• _Task objective_
Look below for the line that contains "Admont traditional side", and write out exactly that line and all remaining lines of the listing, omitting pictures.

━━ Collected material ━━

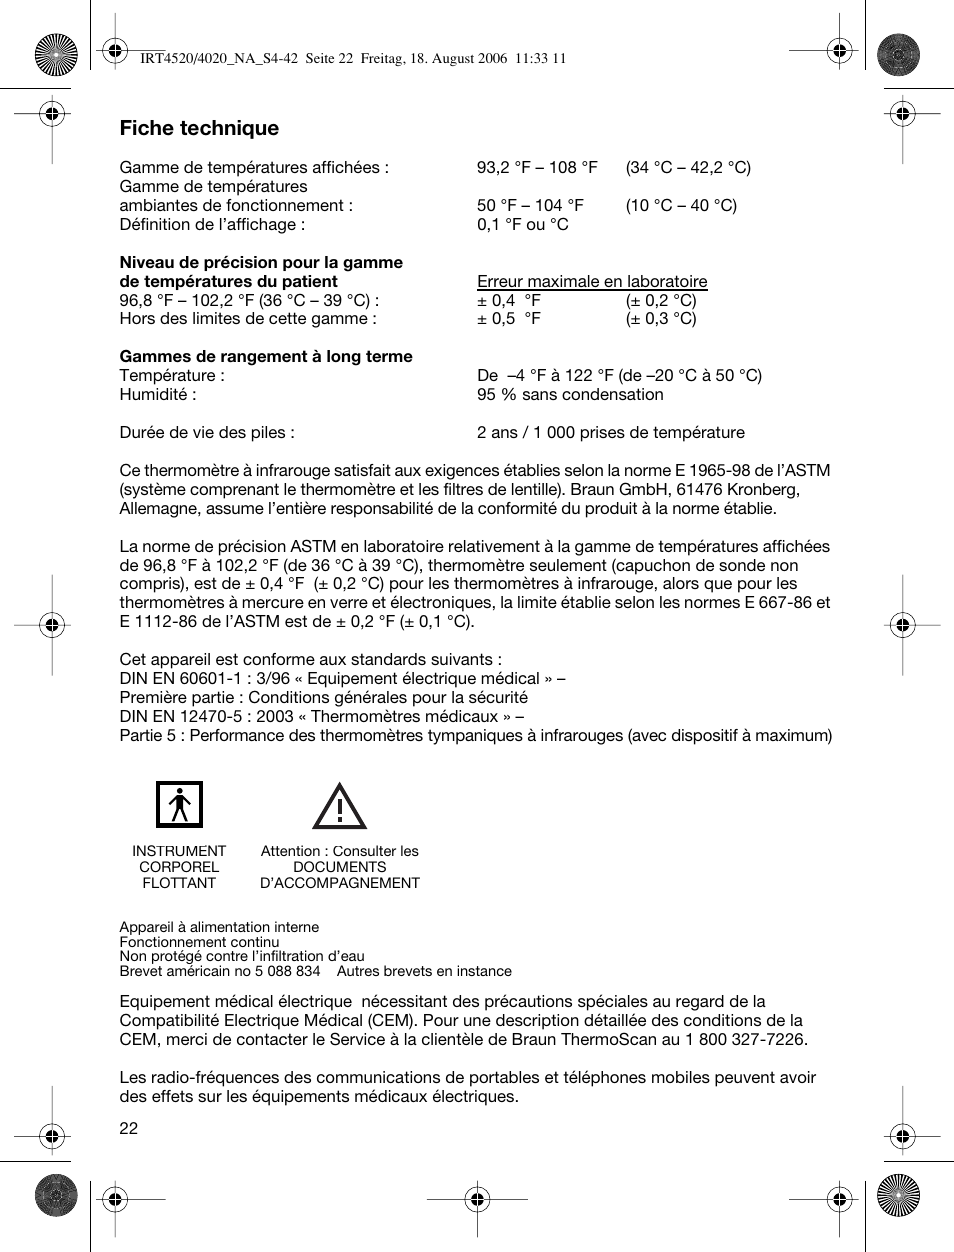 Fiche technique | Braun ThermoScan IRT 4520 User Manual | Page 22 / 42 |  Original mode
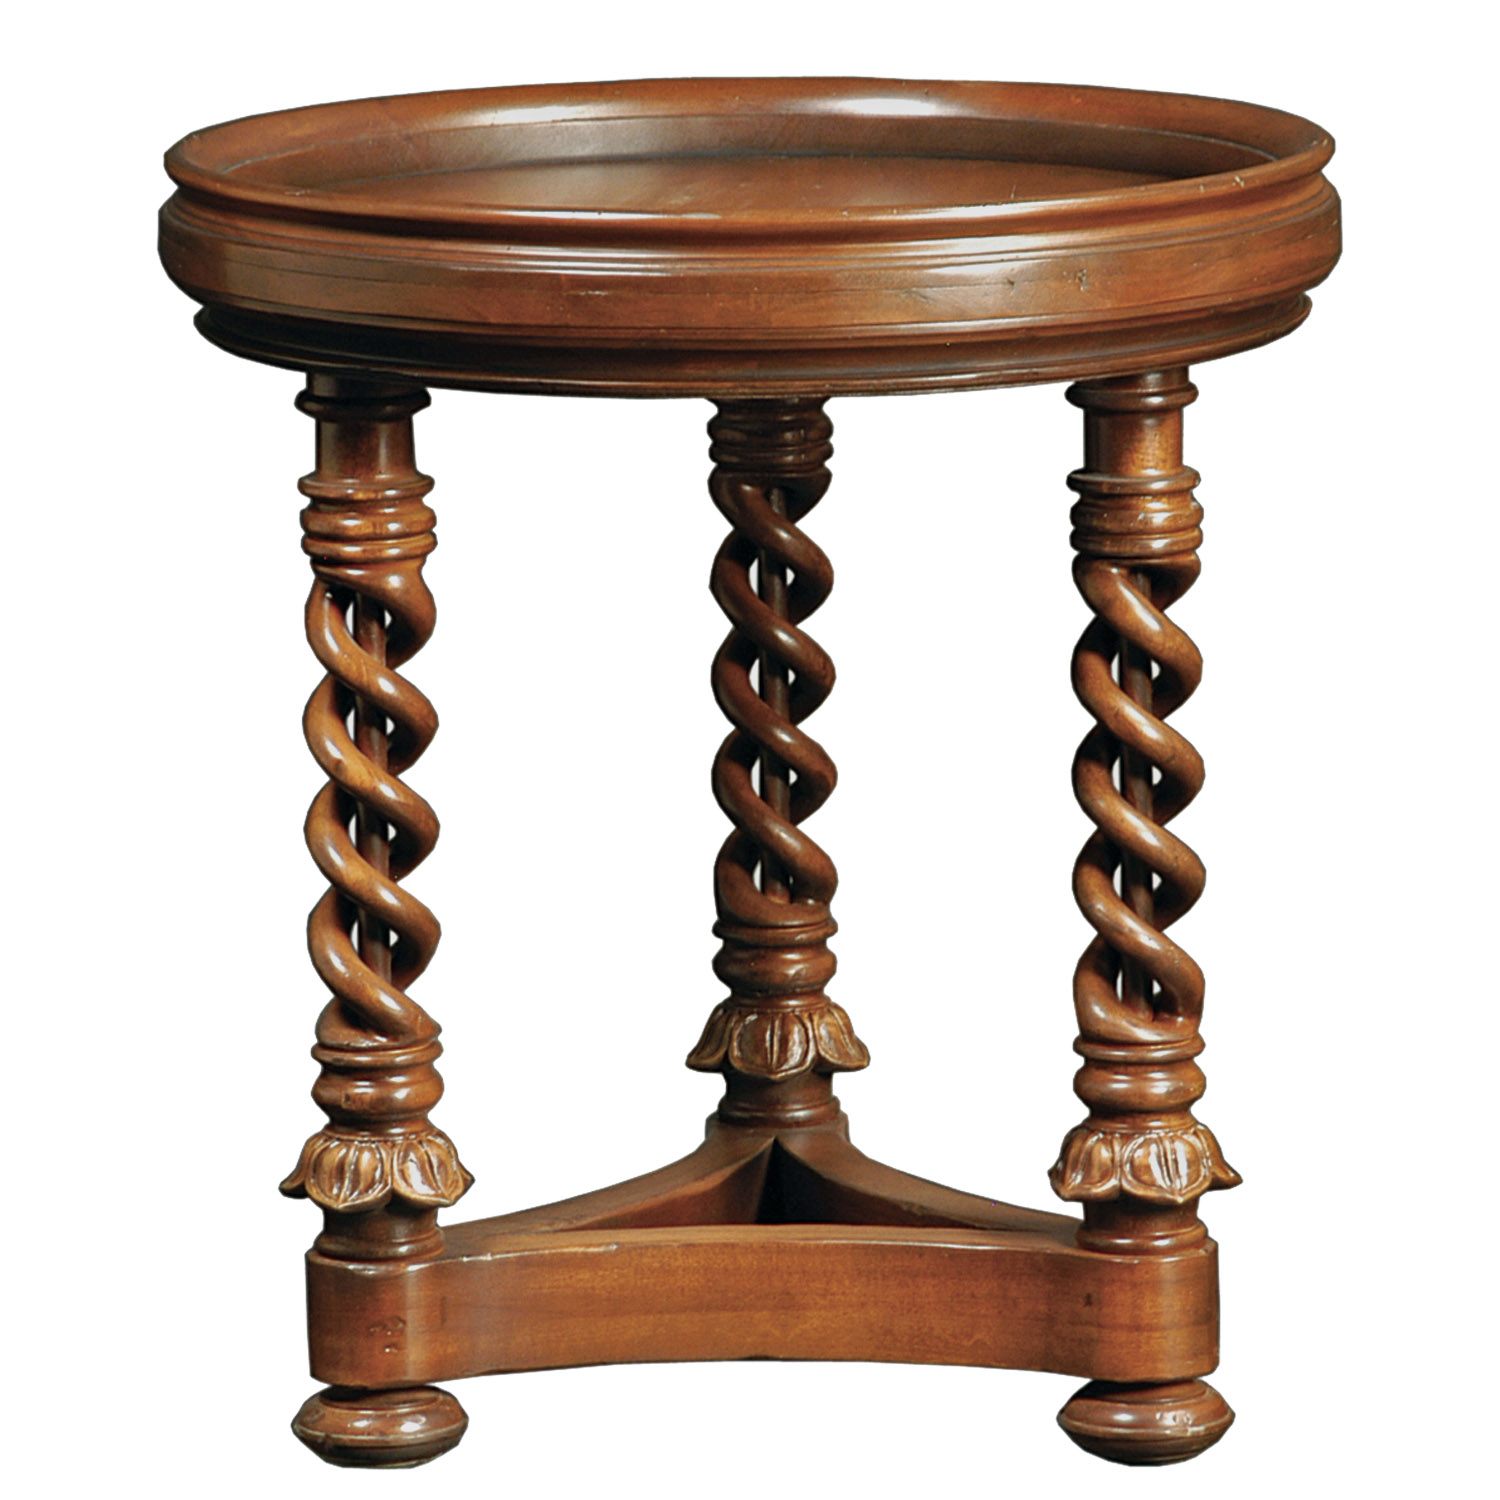 Admont traditional side end table with spindle turned legs by Woodland furniture in Idaho Falls USA
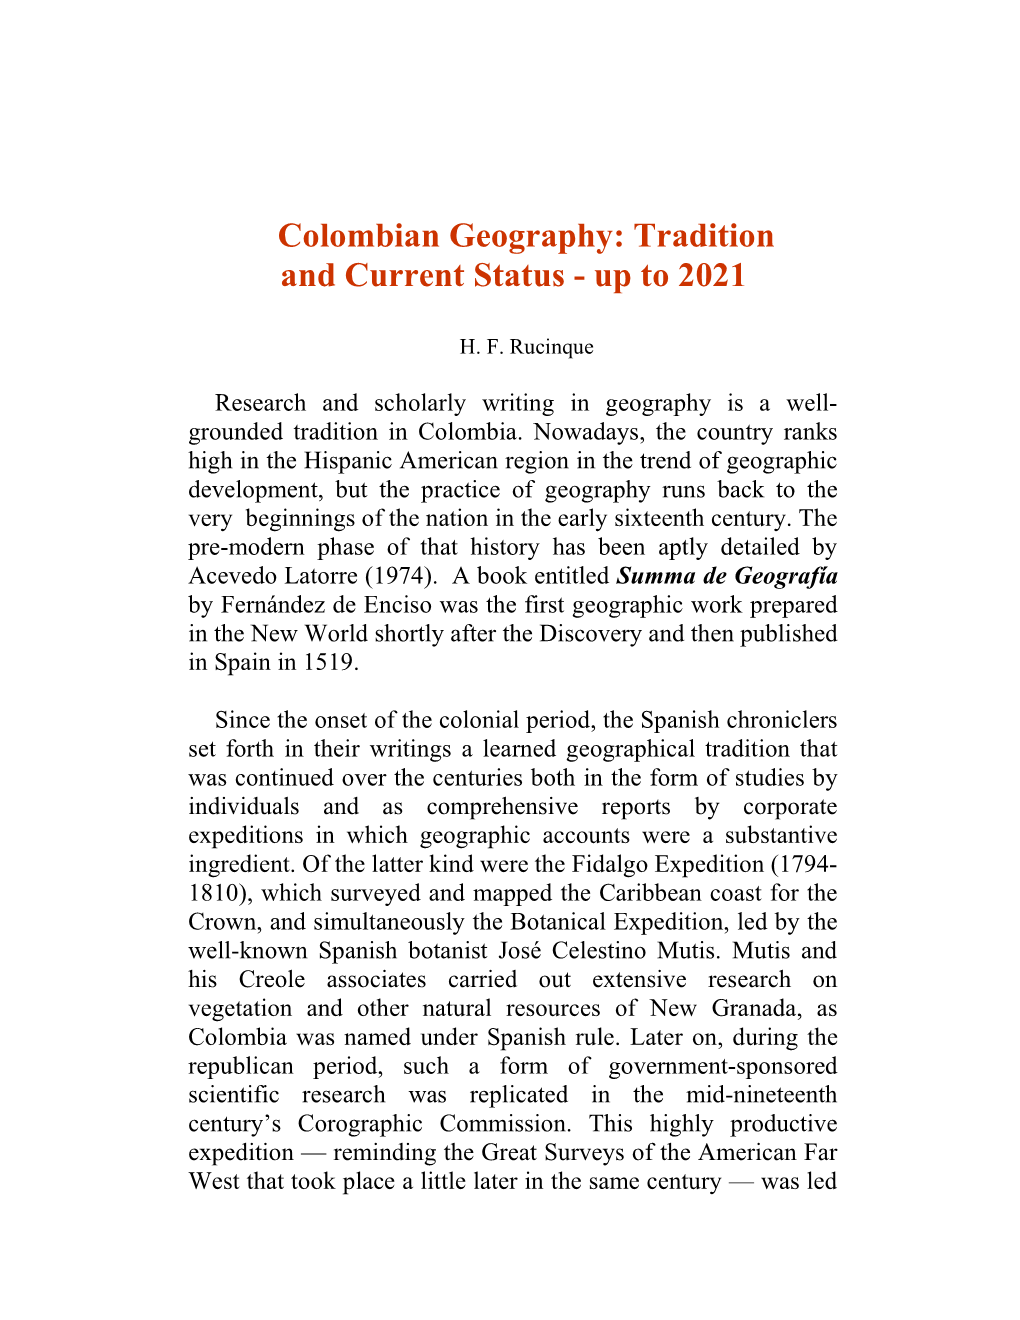 Colombian Geography: Tradition and Current Status - up to 2021

━━━

• _Output of the task_
 Admont traditional side end table with spindle turned legs by Woodland furniture in Idaho Falls USA
 Colombian Geography: Tradition and Current Status - up to 2021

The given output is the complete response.